Models must have identical architecture (same parameter count/shapes). Each model should already reside on its target device.

Source

pub fn sync_params(&self) -> Result<()>

Broadcast all parameters and buffers from rank 0 to all replicas.

Source

pub fn all_reduce_gradients(&self) -> Result<()>

AllReduce-average gradients across all replicas. Call after backward(), before optimizer.step().

Source

pub fn sync_buffers(&self) -> Result<()>

Broadcast buffers from rank 0 (BatchNorm running stats etc).

Source

pub fn weighted_all_reduce_gradients( &self, batch_counts: &[usize], ) -> Result<()>

AllReduce gradients weighted by per-device batch contribution.

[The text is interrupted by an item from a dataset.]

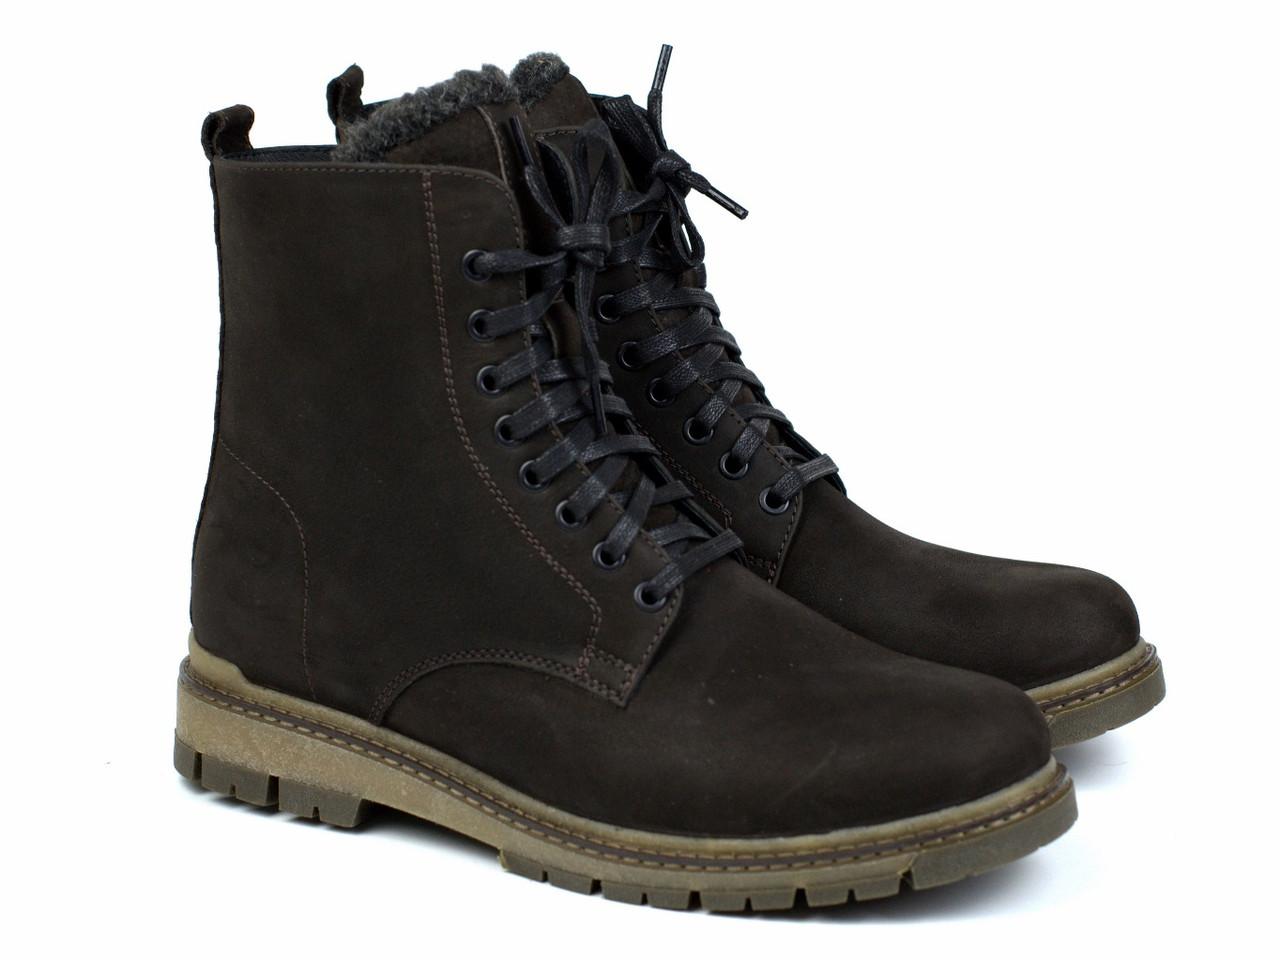 Большой размер зимние ботинки мужские берцы замшевые на меху коричневые Rosso Avangard Doks Brown Diamond BS

For heterogeneous DDP where devices process different numbers of batches per sync step. Each replica’s gradient is scaled by (batch_counts[rank] / total) before AllReduce Sum, producing the correct mean gradient.

Use with ElChe::batch_counts for automatic weighting (see ElChe for the full heterogeneous DDP strategy):

ddp.weighted_all_reduce_gradients(cadence.batch_counts())?;

Source

pub fn world_size(&self) -> usize

Number of devices.

Source

pub fn devices(&self) -> &[Device]

Devices in use.

Source

pub fn setup<F, M, G, O>(model: &Graph, builder: F, optimizer: G) -> Result<()>
where F: Fn(Device) -> Result<M>, M: Module + 'static, G: Fn(&[Parameter]) -> O, O: Optimizer + 'static,

One-call setup: auto-detect GPUs, distribute the model, set the optimizer, and enable training mode.

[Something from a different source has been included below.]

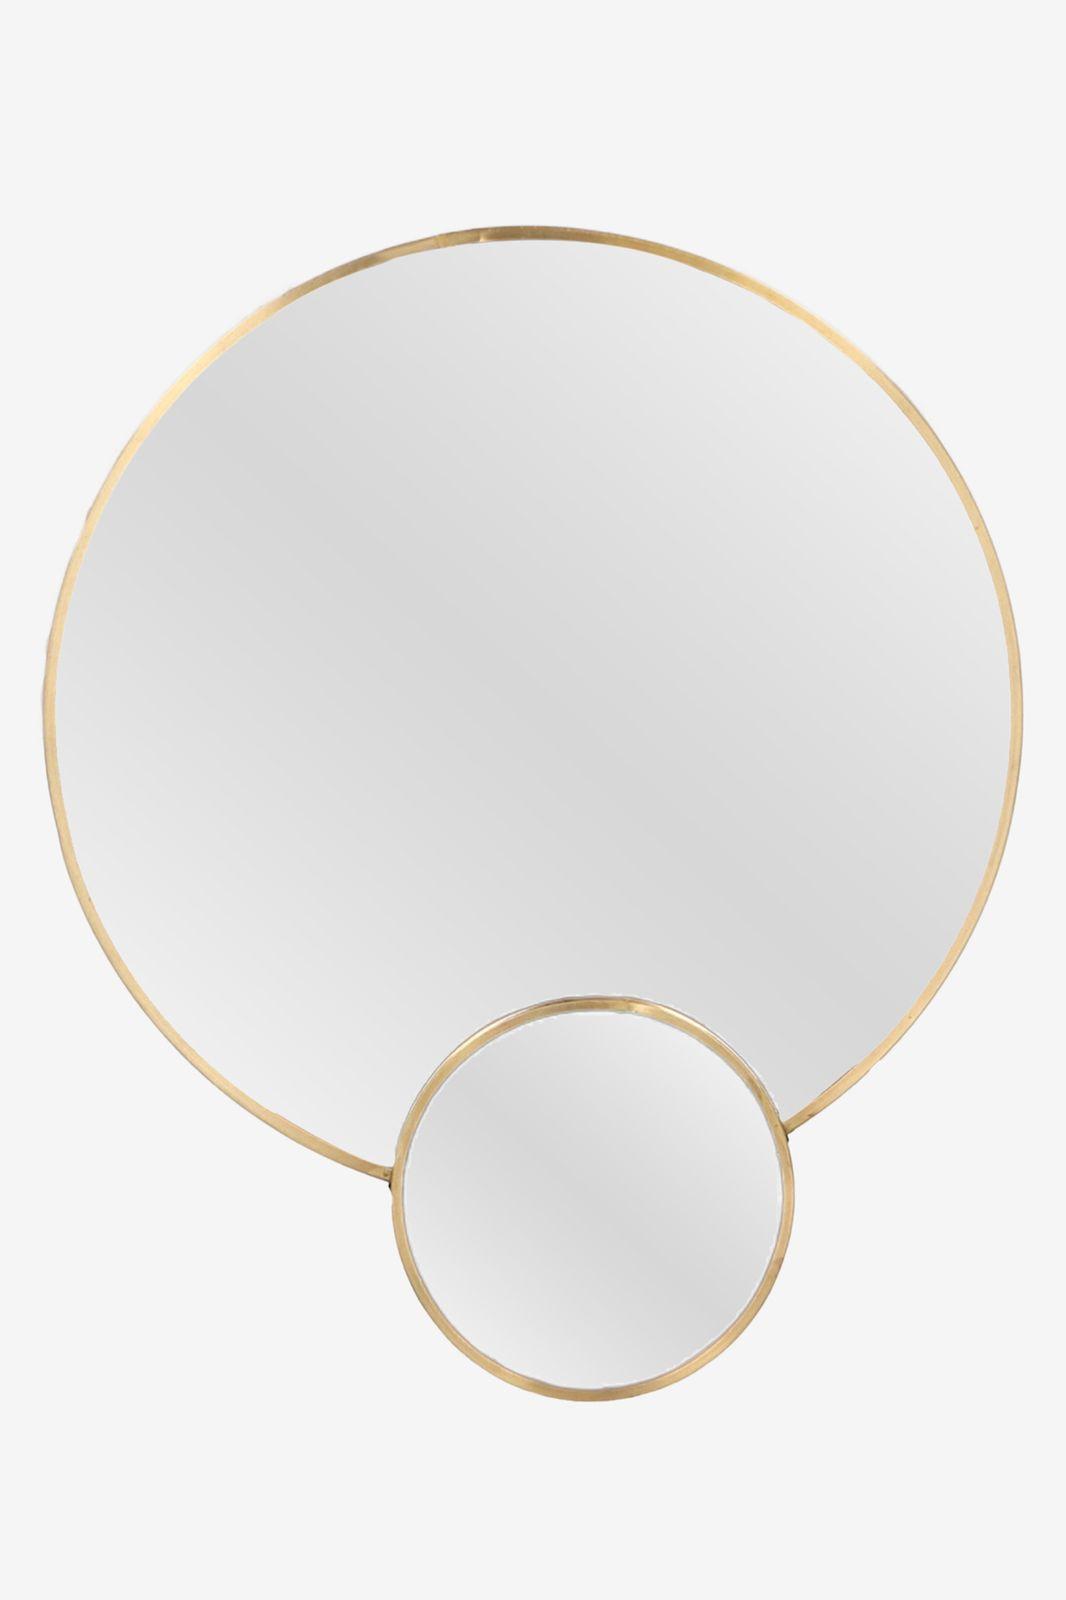 Hangspiegel goud

Multi-GPU (2+ usable CUDA devices): replicates via Graph::distribute, creates per-replica optimizers, enables training.
Single-GPU / CPU: sets optimizer and training mode only (no DDP overhead).

Always prints a diagnostic summary to stderr showing detected hardware.

Ddp::setup(&model, |dev| build_model(dev), |p| Adam::new(p, 0.001))?;

// Training loop is identical for 1 or N GPUs:
for batch in model.epoch(epoch).activate() {
    let out = model.forward_batch(&batch?)?;
    loss.backward()?;
    model.step()?;
}

Source

pub fn setup_with<F, M, G, O>( model: &Graph, builder: F, optimizer: G, config: DdpConfig, ) -> Result<()>
where F: Fn(Device) -> Result<M>, M: Module + 'static, G: Fn(&[Parameter]) -> O, O: Optimizer + 'static,

One-call setup with explicit configuration.

Like setup() but accepts a DdpConfig for controlling El Che cadence, speed hints, and overhead targets.

Ddp::setup_with(&model, builder, optimizer,
    DdpConfig::new().speed_hint(1, 2.3))?;

Source

pub fn auto<F, M, G, O>(model: &Graph, builder: F, optimizer: G) -> Result<()>
where F: Fn(Device) -> Result<M>, M: Module + 'static, G: Fn(&[Parameter]) -> O, O: Optimizer + 'static,

👎Deprecated since 0.3.0:

Renamed to Ddp::setup()

Deprecated: renamed to setup().

Source

pub fn auto_with<F, M, G, O>( model: &Graph, builder: F, optimizer: G, config: DdpConfig, ) -> Result<()>
where F: Fn(Device) -> Result<M>, M: Module + 'static, G: Fn(&[Parameter]) -> O, O: Optimizer + 'static,

👎Deprecated since 0.3.0:

Renamed to Ddp::setup_with()

Deprecated: renamed to setup_with().

Source

pub fn builder<F, M, G, O, T>( model_factory: F, optim_factory: G, train_fn: T, ) -> DdpBuilder<F, M, G, O, T>
where F: Fn(Device) -> Result<M> + Send + Sync + 'static, M: Module + 'static, G: Fn(&[Parameter]) -> O + Send + Sync + 'static, O: Optimizer + 'static, T: Fn(&M, &[Tensor]) -> Result<Variable> + Send + Sync + 'static,

Create a builder for framework-managed multi-GPU training.

The framework owns the training loop, data pipeline, and epoch management. Each GPU gets its own model replica and optimizer. A coordinator triggers periodic parameter averaging based on the configured ApplyPolicy and AverageBackend.

Returns a DdpBuilder for fluent configuration. Call .run() to spawn training threads, then .join() on the returned DdpHandle to block until completion.

§Example

use flodl::*;

let handle = Ddp::builder(
    |dev| model_factory(dev),
    |params| Adam::new(params, 0.001),
    |model, batch| { /* forward + loss */ },
)
.dataset(dataset)
.batch_size(32)
.num_epochs(10)
.policy(ApplyPolicy::Cadence)
.backend(AverageBackend::Nccl)
.run()?;

let state = handle.join()?;

With fewer than 2 CUDA devices, training runs on the main thread with no coordination. The API is identical in both cases.